“Eu trabalho aqui. Aqui é meu sustento. Desde o dia 8 de fevereiro, praticamente, eu não consigo levar minha vida normal. É muito triste viver uma situação dessa e saber que pode vir a lama e devastar um lugar tão bonito como é hoje”, desabafa Rogério Souza Reis, comerciante, que mora em Barão de Cocais, região Central de Minas Gerais, há mais de 20 anos.

A qualquer momento, o talude norte da mina do Congo Soco pode desabar e causar o rompimento da barragem de rejeitos Sul Superior, tornando a Vale responsável por mais um crime socioambiental. A previsão é que cerca de seis mil moradores ribeirinhos serão atingidos e que a lama pode chegar até o centro comercial da cidade. 

Rogério mora no bairro Vila Regina, às margens do São João, rio que possivelmente será contaminado pela lama caso a barragem se rompa. As casas dele e de seus vizinhos podem ser atingidas em 40 minutos. “Comecei a construir aqui desde o chão. Eu mesmo que fiz a base, a maioria das coisas que estão prontas aqui teve a minha mão. Eu que mexi a massa para os pedreiros. Praticamente quase tudo aqui, as árvores que estão plantadas, foi a gente mesmo que fez. Para mim, aqui é meu lugar”, relata. Segundo Rogério, somente as pessoas acamadas, cadeirantes e algumas com dificuldade de mobilidade foram retiradas de casa e levadas para hotéis.

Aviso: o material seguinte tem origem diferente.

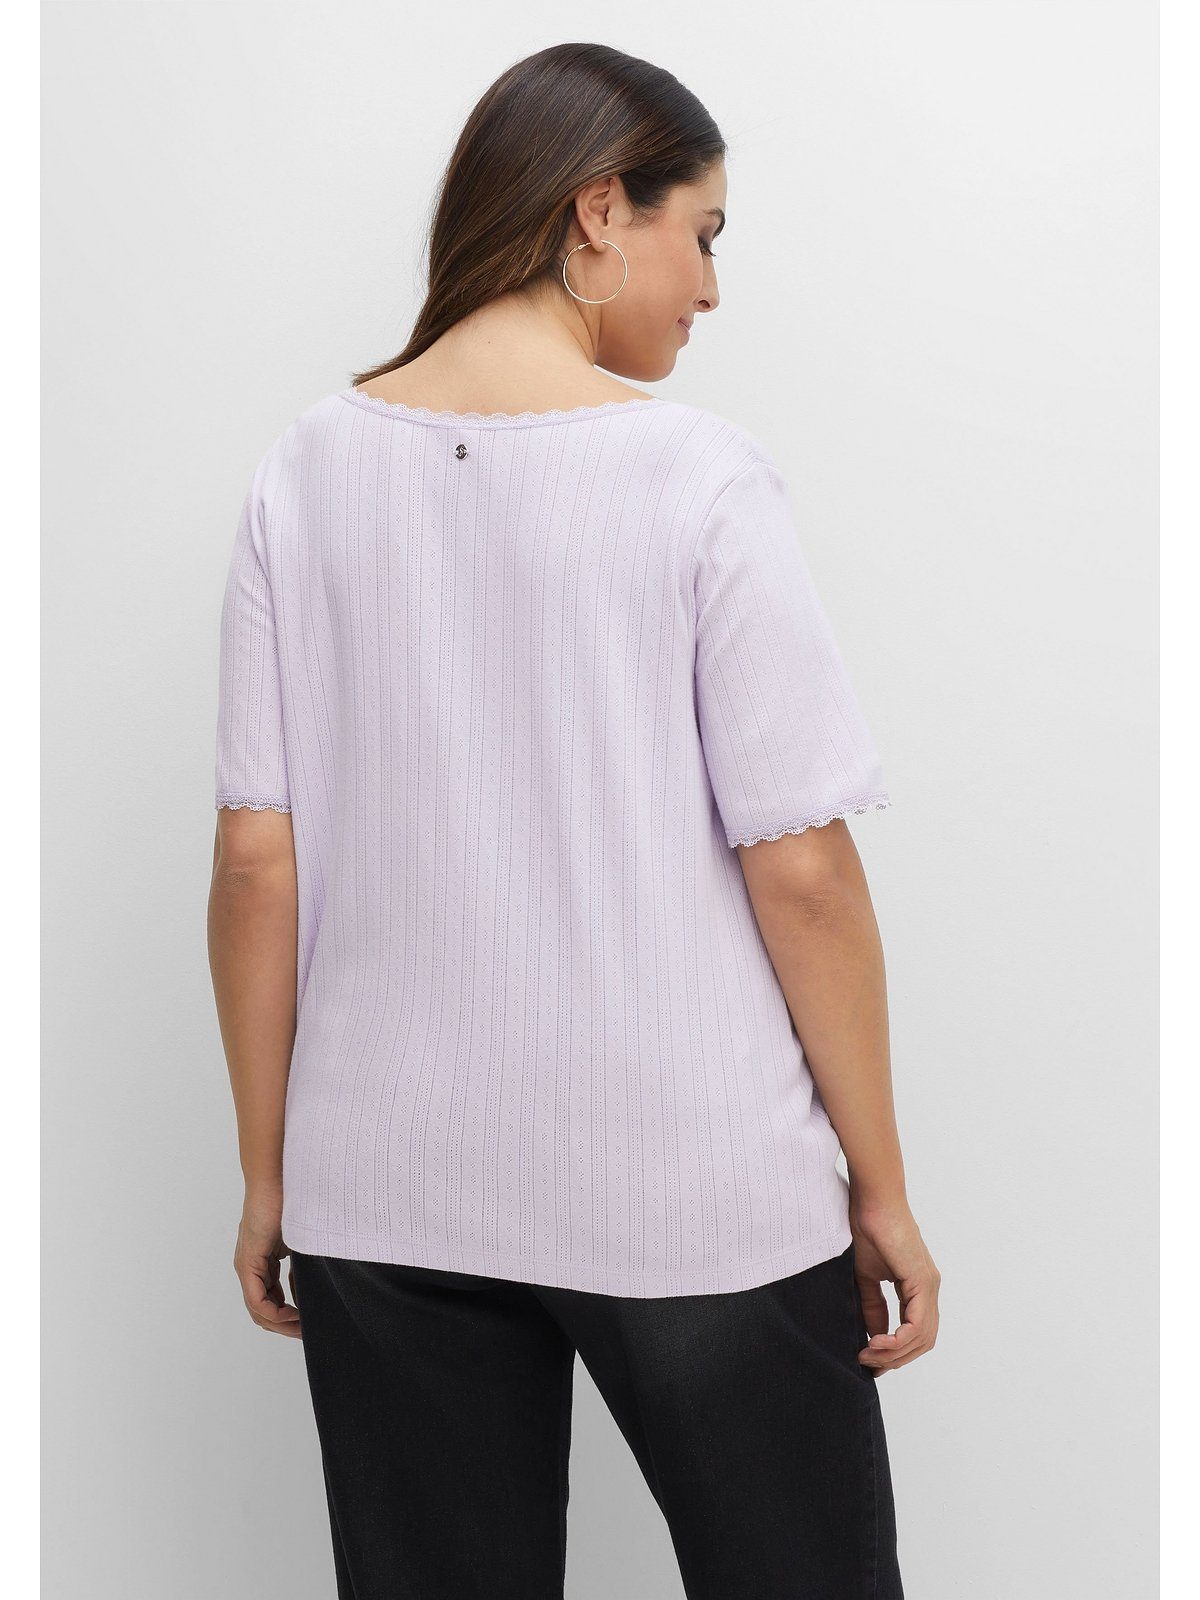 Sheego T-Shirt Große mit lavendel Größen und Spitze Lochmuster

Em nota, a Vale informa que, desde a identificação da movimentação do talude, vem tomando uma série de medidas necessárias para avisar a população sobre a situação e que, ainda, não existem elementos técnicos para se afirmar que o escorregamento do talude causará a ruptura da barragem Sul Superior. Mesmo assim, a mineradora ressalta que está reforçando o nível de alerta e que a cava e a barragem são monitoradas 24h por dia. No domingo (19), a mineradora paralisou o transporte de carga que passava na Estrada de Ferro Vitória a Minas, nas imediações da mina Gongo Soco. O transporte de passageiros já havia sido paralisado na quinta (16), seguindo determinação da Agência Nacional de Mineração (ANM) como medida de segurança.

Brumadinho

A Comissão Parlamentar de Inquérito (CPI) da Barragem de Brumadinho da Assembleia Legislativa de Minas Gerai, realizou, na última segunda (20), uma audiência pública na cidade sobre os impactos do rompimento, que despejou milhões 13 milhões de metros cúbicos de rejeitos tóxicos de mineração.

Moradores de Pires, local atingido pela lama, denunciaram aos deputados que a Vale iniciou uma obra há cerca de um quilômetro da comunidade, onde seria depositado os resíduos da barragem rompida. Essa medida seria para cumprir ordens judiciais de limpeza do rio.

Após cinco meses do maior crime socioambiental do país, ainda são cerca de 30 desaparecidos debaixo da lama e 240 mortos.